While both are network diagnostic tools, they serve different purposes. Ping tests basic connectivity between two points and measures round-trip time, but provides no information about the intermediate path. Traceroute, on the other hand, details every stop between source and destination, making it invaluable for diagnosing intermittent connectivity issues, slow connections, or routing problems [^27^][^35^]. When ping shows 50% packet loss, traceroute can identify exactly which hop is causing the problem.
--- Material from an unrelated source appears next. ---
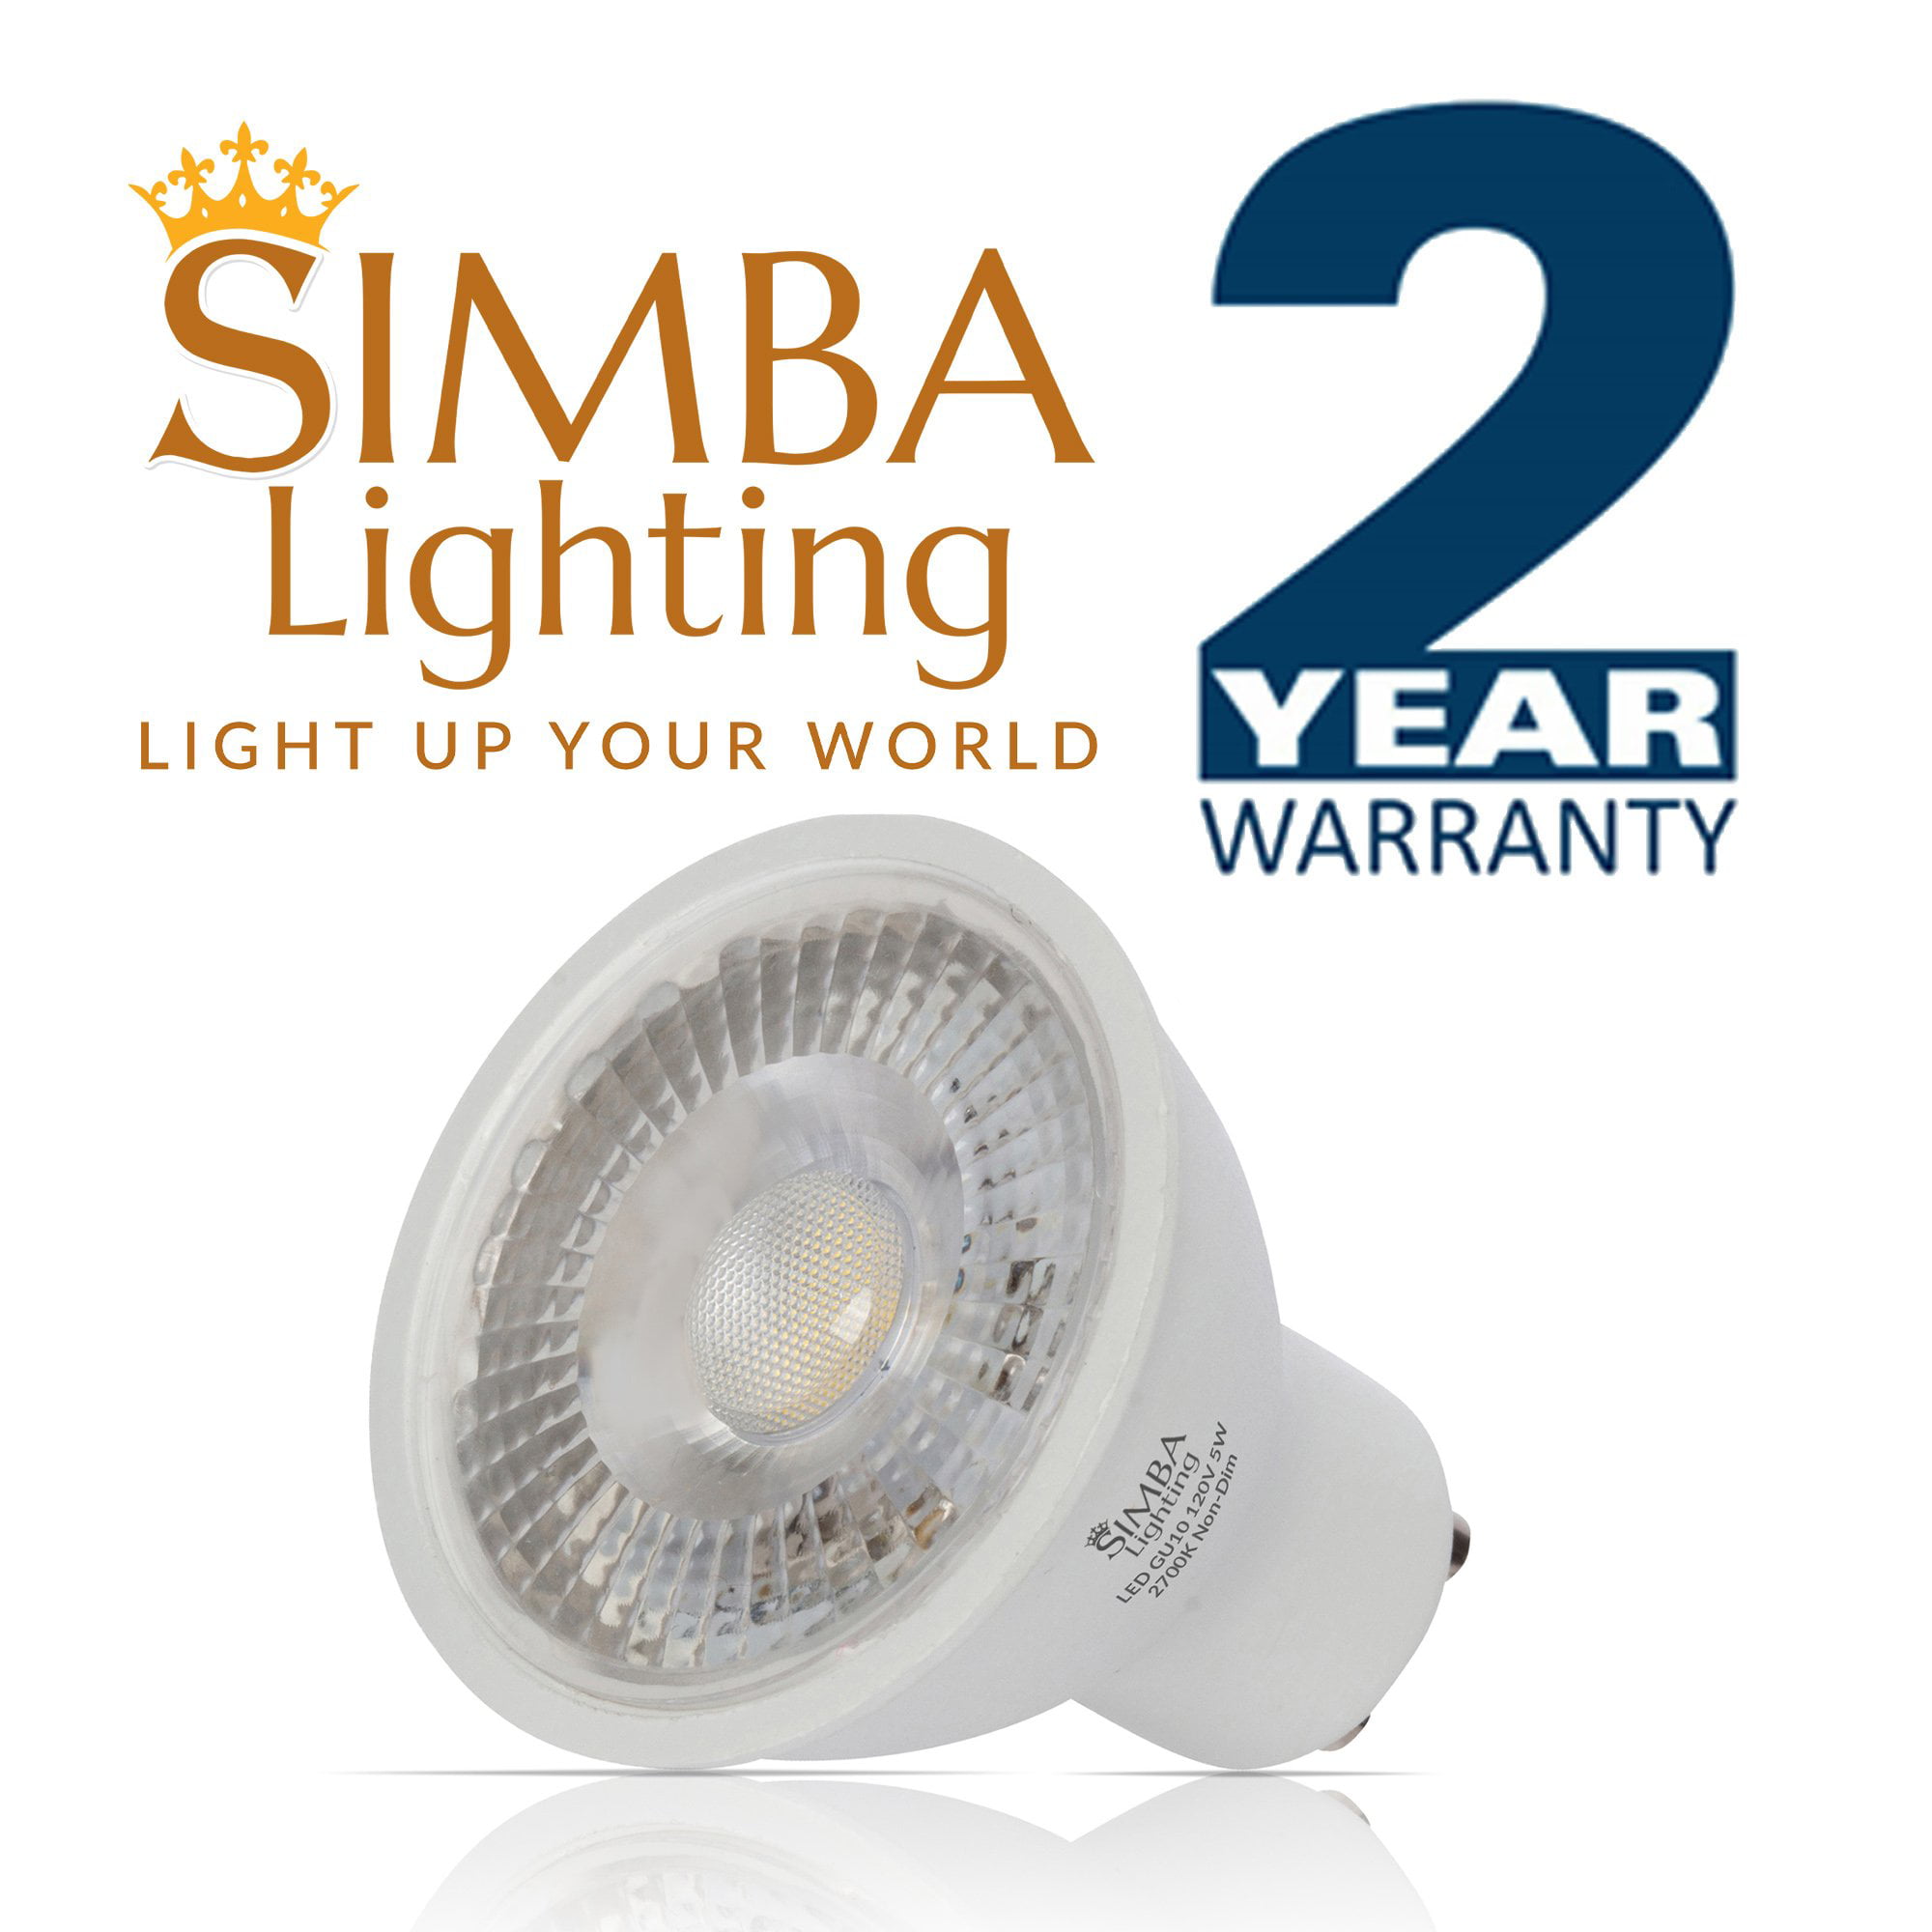 【Fachgeschäft】 Simba Lighting LED Non-Dimmable 2700K Twist 120V 50W 5W Replacement Spot Light Bulb GU10 Base 6-Pack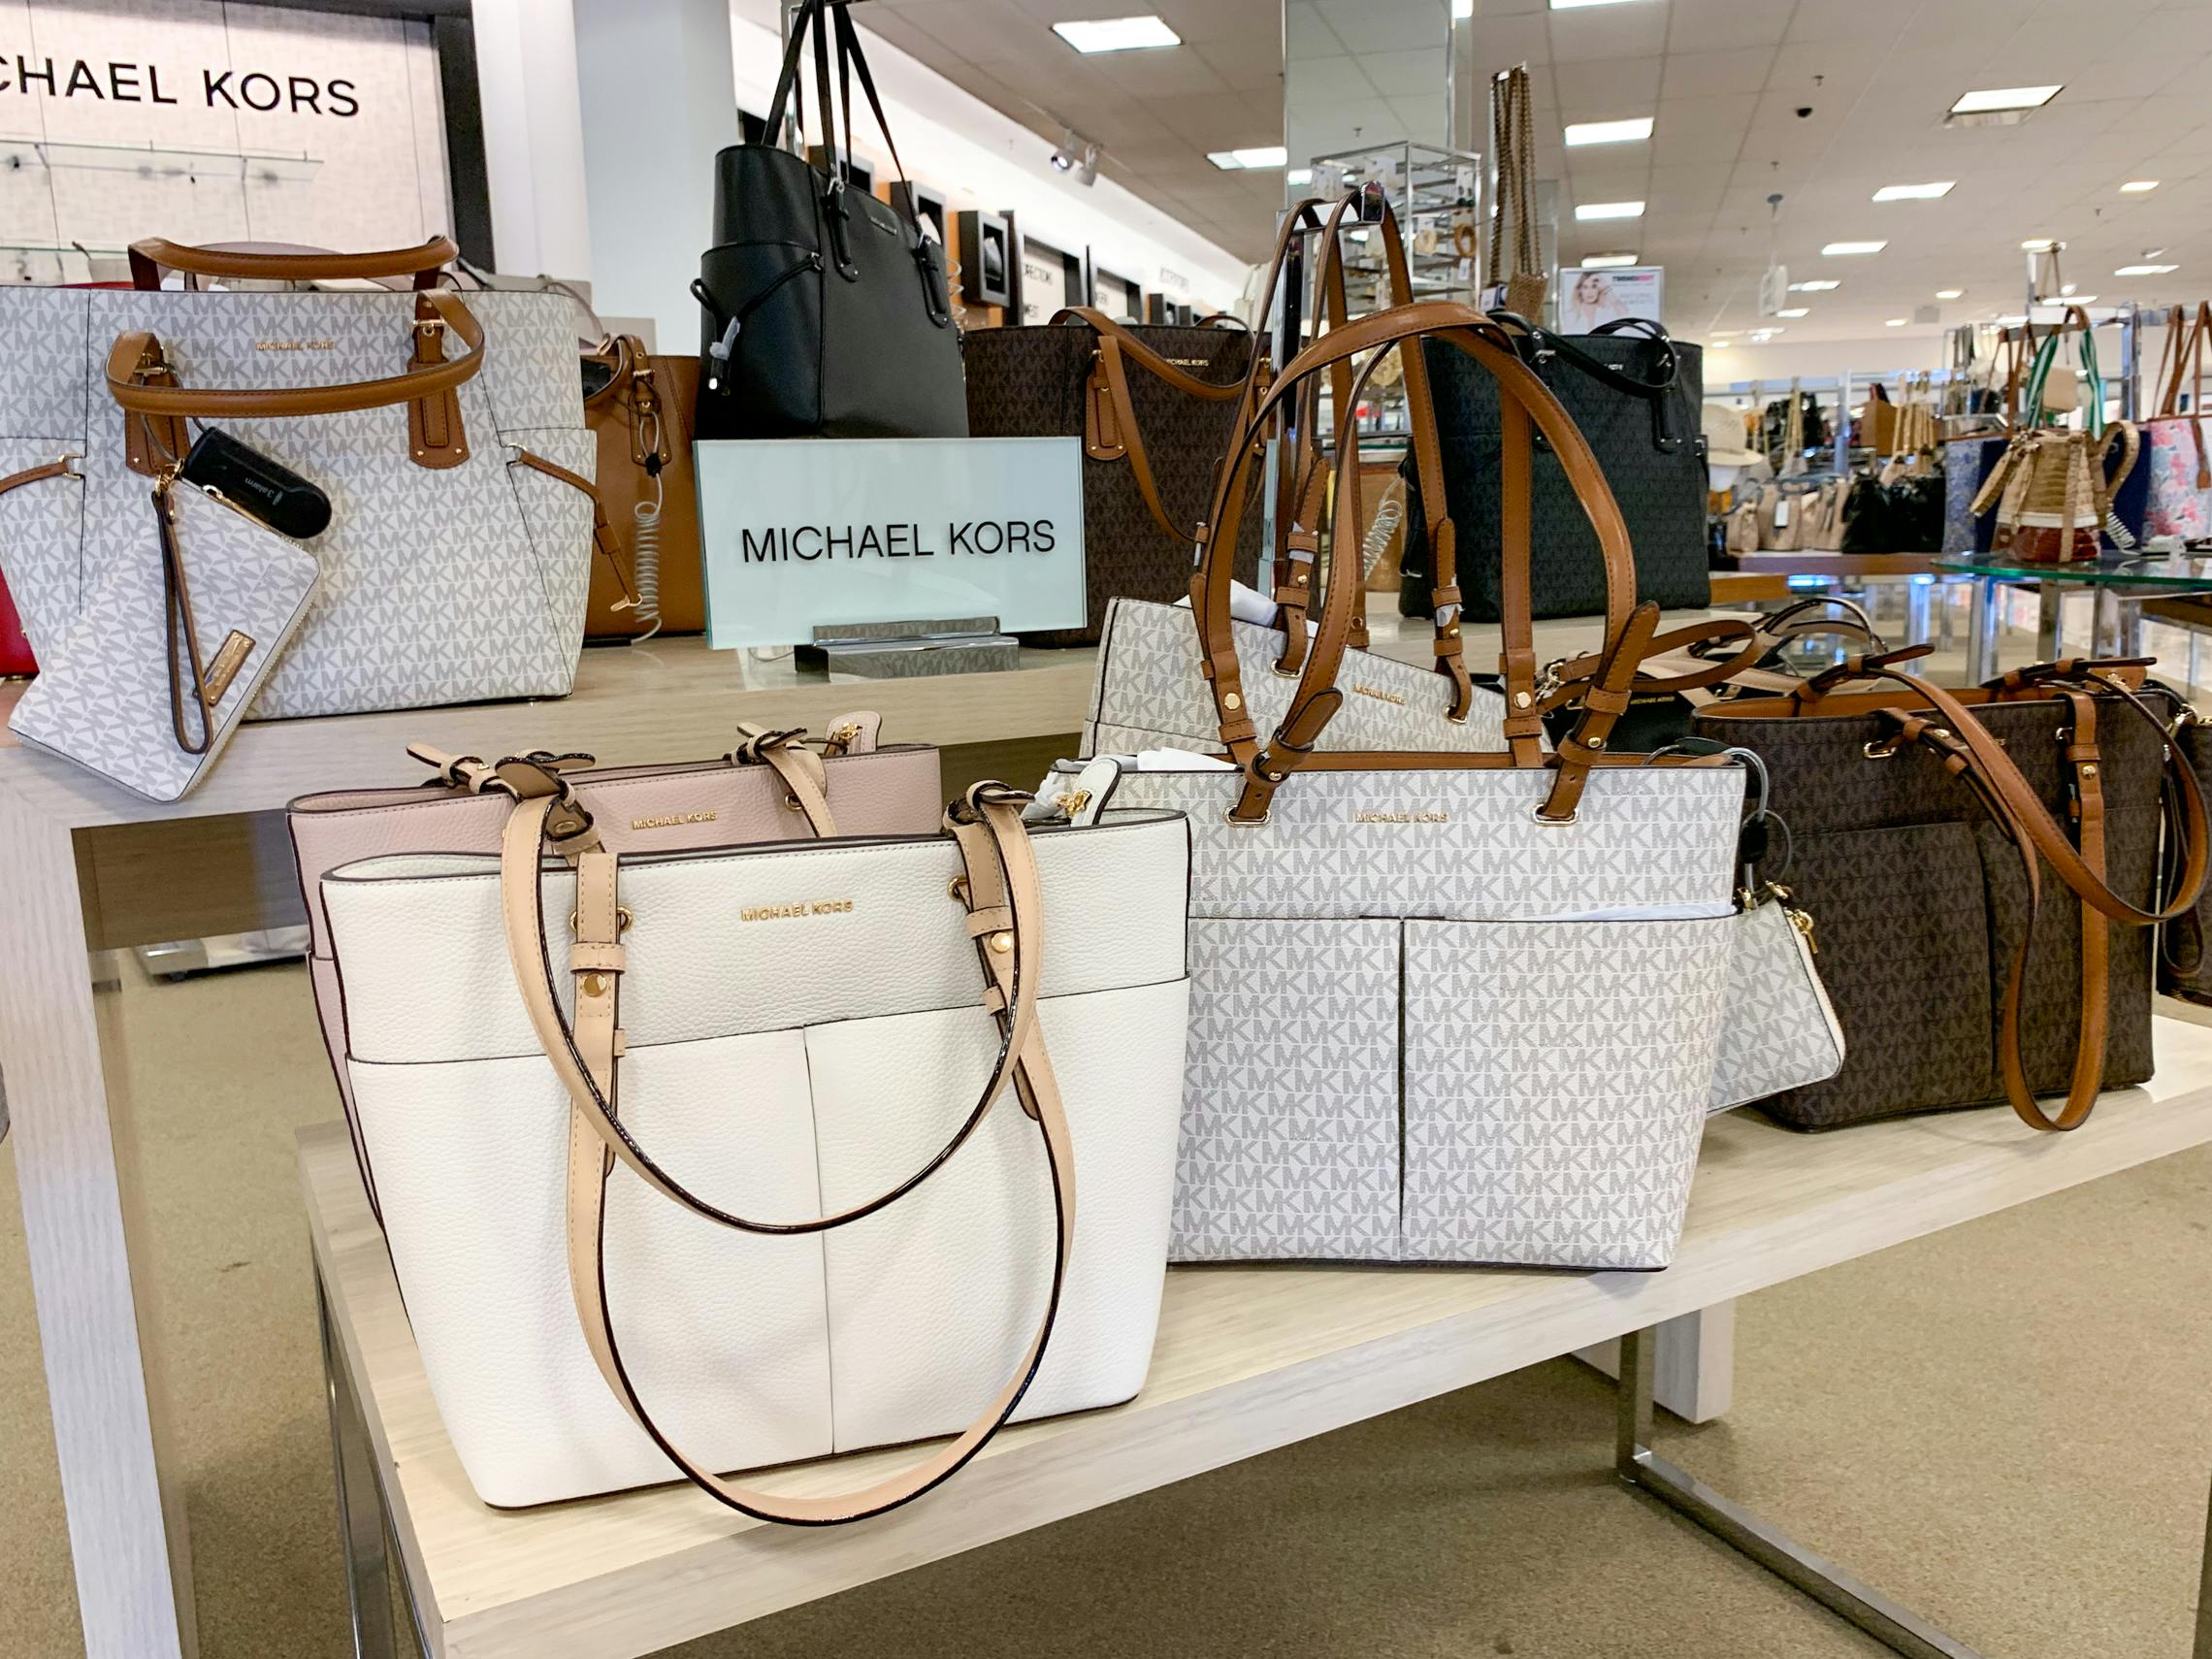 Michael Kors on sale up to 80% off at Belk Department Store | Handbags |  Wallet - YouTube

Understanding Traceroute Results

Hop Number: The sequence of routers from your device to the destination (1, 2, 3...)
Hostname/IP: The identity of each router, often revealing the ISP or network owner
RTT (Round Trip Time): Three latency measurements in milliseconds showing response speed
Asterisks (*): Indicate timeouts—routers not responding to probes (common due to firewall rules)
ASN: Autonomous System Number identifying the network operator

Common Use Cases for Traceroute

Network administrators use traceroute to: diagnose slow website loading by identifying congested links, troubleshoot email delivery issues by tracing paths to mail servers, verify CDN performance by checking if traffic routes through optimal edge locations, detect routing anomalies that might indicate network attacks or misconfigurations, and document network topology for infrastructure planning [^28^][^36^].

Pro Tip: Interpreting High Latency

If you see high latency at an intermediate hop but normal times at the destination, don't panic. This often indicates asymmetric routing—the return path for probe packets differs from the outbound path. The important metric is the final destination's response time. However, if latency consistently increases at each hop and remains high at the destination, you've identified a genuine network bottleneck [^34^].

Limitations and Considerations

Traceroute has limitations: load-balanced networks may show different paths for each probe, MPLS tunnels can hide intermediate hops, firewalls often block probe packets causing false timeouts, and the tool only shows the forward path while network issues might exist on the return route. For comprehensive analysis, run multiple traces at different times and consider advanced tools like MTR (My Traceroute) which combines ping and traceroute functionality [^36^].